Brian, We only push bug fixes to the current major version of slurm. Would applying commit 5c3a7f6aaf work on 22.05? Probably. But it would be an unsupported install. Upgrading to 23.02 is our official recommendation. -Scott
From the customer Slurm expert: I just read the commit 5c3a7f6aaf. Looks like we have a workaround available: turn off requeueing jobs (set JobRequeue=0 and use submit plugin to remove any requeue options from submission - not sure if this is enough to stop "scontrol update job=xxx requeue=1" though). Can we confirm that this would work as a workaround?
Brian, I think that workaround would work as you surmised but scontrol could bypass it. I can't think of anyway to completely forbid requeue off right now. But if that is your best option, I would rather you just apply 5c3a7f6aaf to 22.05. 5c3a7f6aaf is a very simple commit that doesn't rely on any recent changes. I am quite confident it should work. -Scott
I took a look and we did rename gres_ctld_job_clear() in 23.02. So the diff should look like this for you. diff --git a/src/slurmctld/node_scheduler.c b/src/slurmctld/node_scheduler.c index 60abfb9137..c268aad893 100644 --- a/src/slurmctld/node_scheduler.c +++ b/src/slurmctld/node_scheduler.c @@ -2228,7 +2228,7 @@ static void _end_null_job(job_record_t *job_ptr) job_ptr->exit_code = 0; gres_ctld_job_clear(job_ptr->gres_list_req); gres_ctld_job_clear(job_ptr->gres_list_req_accum); - gres_ctld_job_clear(job_ptr->gres_list_alloc); + FREE_NULL_LIST(job_ptr->gres_list_alloc); job_ptr->job_state = JOB_RUNNING; job_ptr->bit_flags |= JOB_WAS_RUNNING; FREE_NULL_BITMAP(job_ptr->node_bitmap); @@ -2652,7 +2652,7 @@ extern int select_nodes(job_record_t *job_ptr, bool test_only, job_ptr->exit_code = 0; gres_ctld_job_clear(job_ptr->gres_list_req); gres_ctld_job_clear(job_ptr->gres_list_req_accum); - gres_ctld_job_clear(job_ptr->gres_list_alloc); + FREE_NULL_LIST(job_ptr->gres_list_alloc); if (!job_ptr->step_list) job_ptr->step_list = list_create(free_step_record);
Thanks, Changing the version of Slurm at this point isn't an option.

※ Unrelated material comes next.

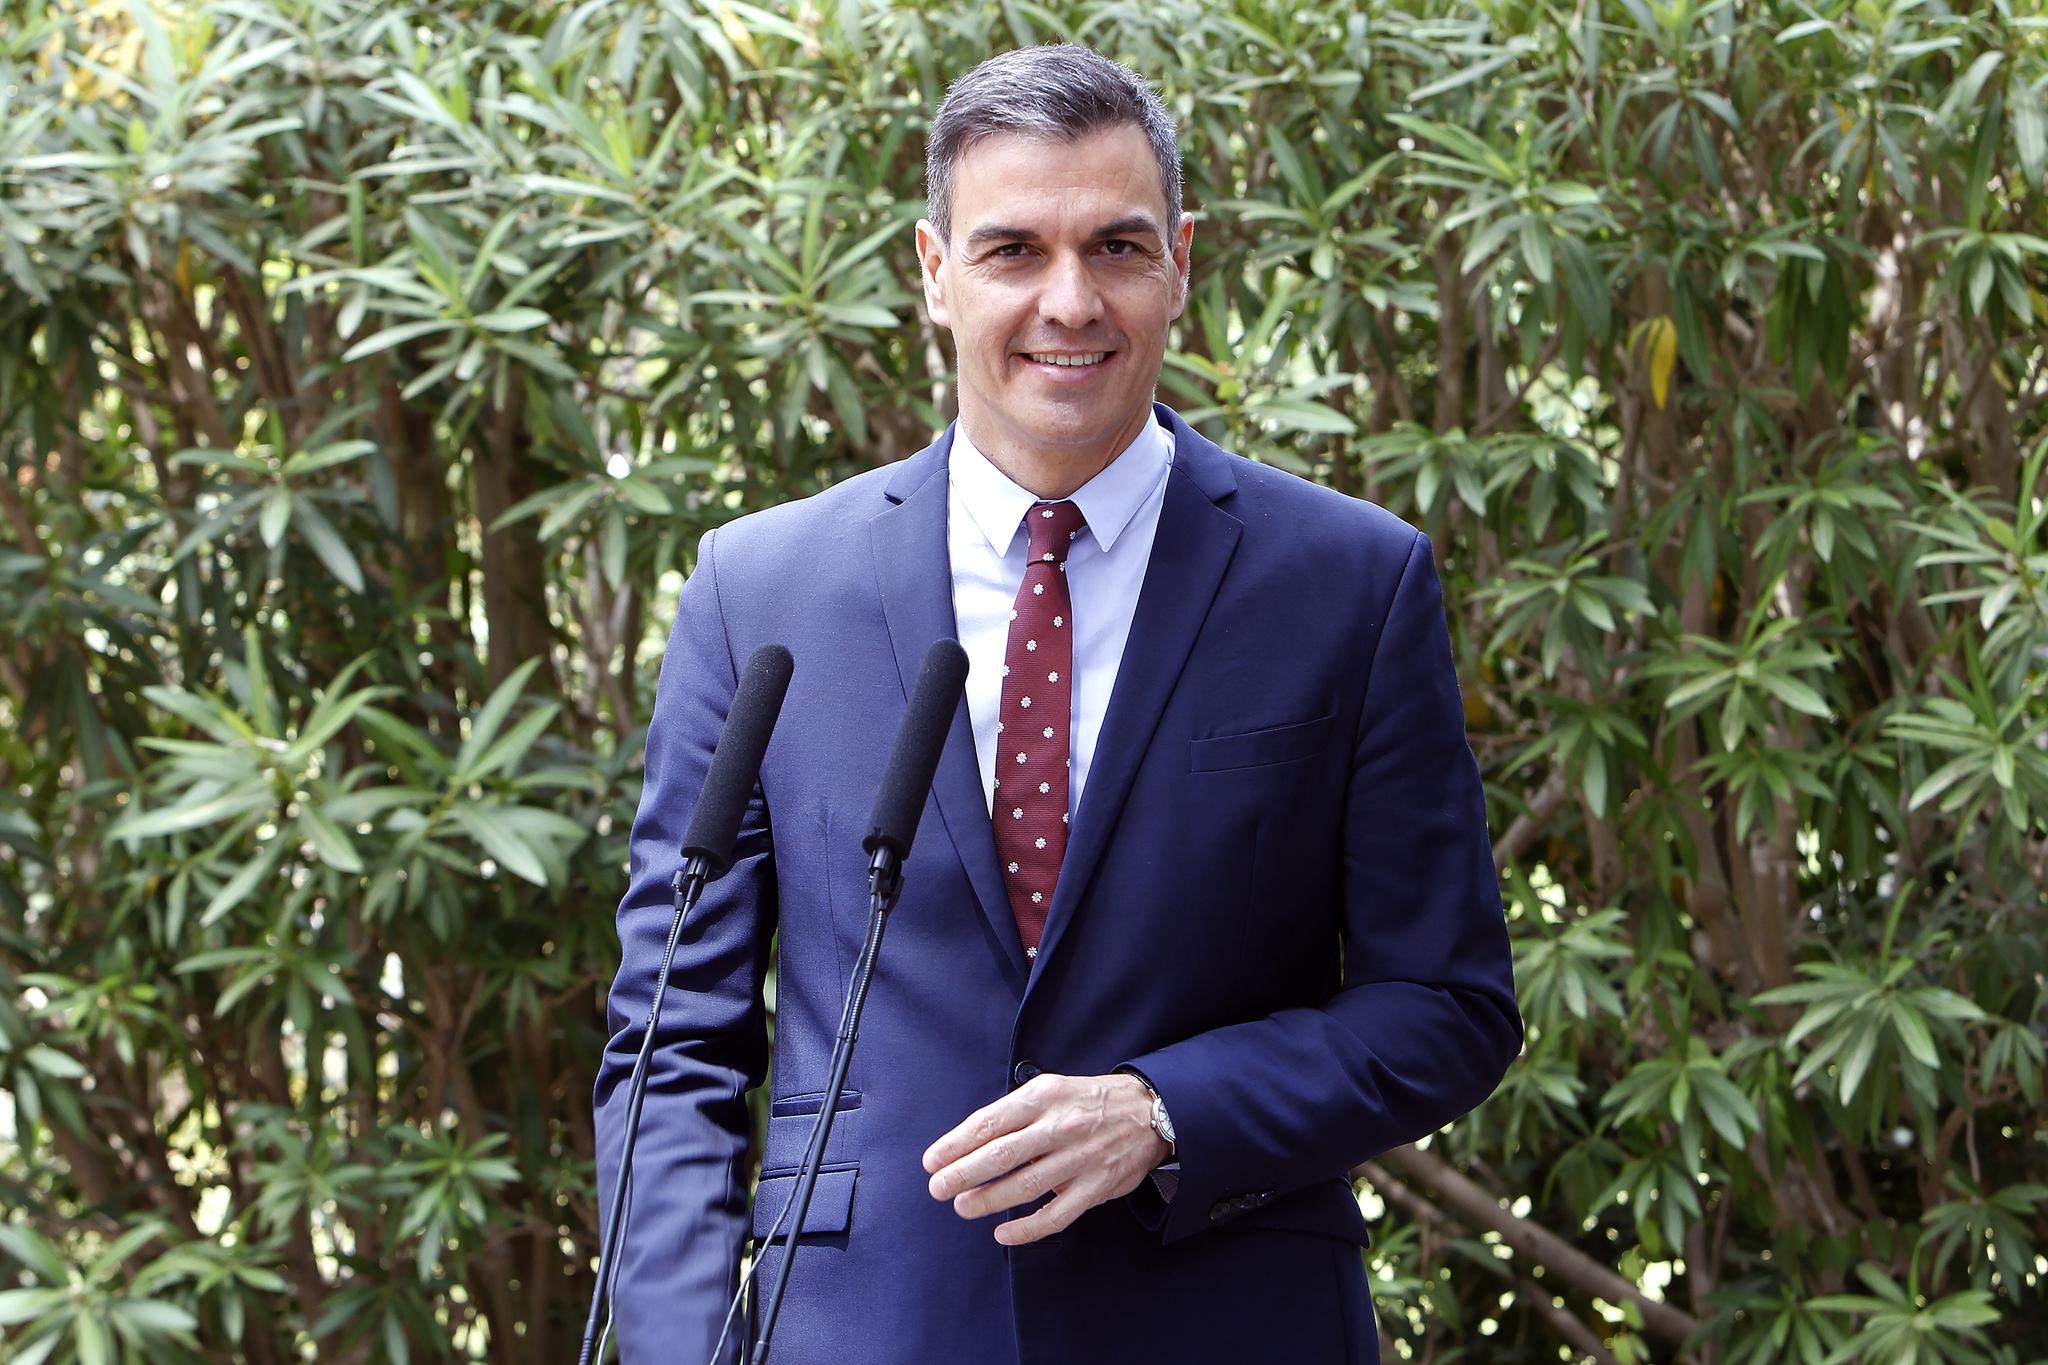 El presidente del Gobierno, Pedro Sánchez, en una rueda de prensa a su llegada al Palacio de Marivent en Palma de Mallorca, Mallorca.

This is from the user in response to a question of why can't they test the controller restart. "There is no opportunity to test it: we need the system 100% available from Friday evening, hence the urgency of this case and we have no reproducer for the issue. (Without the urgency, this would be a minor issue and no rush: if we lose a few dozen nodes a week and need to restart slurmctld during office hours, that's fine - it's just the critical acceptance weekend which is more complicated.) Also, as I mentioned in my previous comment, we'll go with the workaround untested, would just like to have a confirmation from SchedMD that we've understood the issue correctly and the workaround will indeed protect us. If not, it'll be a potential slurmctld restart in the middle of the night, which no one is comfortable with but we will do it - and ring the hotline, waking everyone up if the ctld does not come up as expected (I'm pretty confident it will, but it hasn't always done so)."
Brian, I guess, for now, stopping jobs from requeuing is probably their best option. Let me know if they have other questions on this topic. -Scott
Thanks, The customer got through the testing so this bug can be closed now.
Closing *** This ticket has been marked as a duplicate of ticket 16121 ***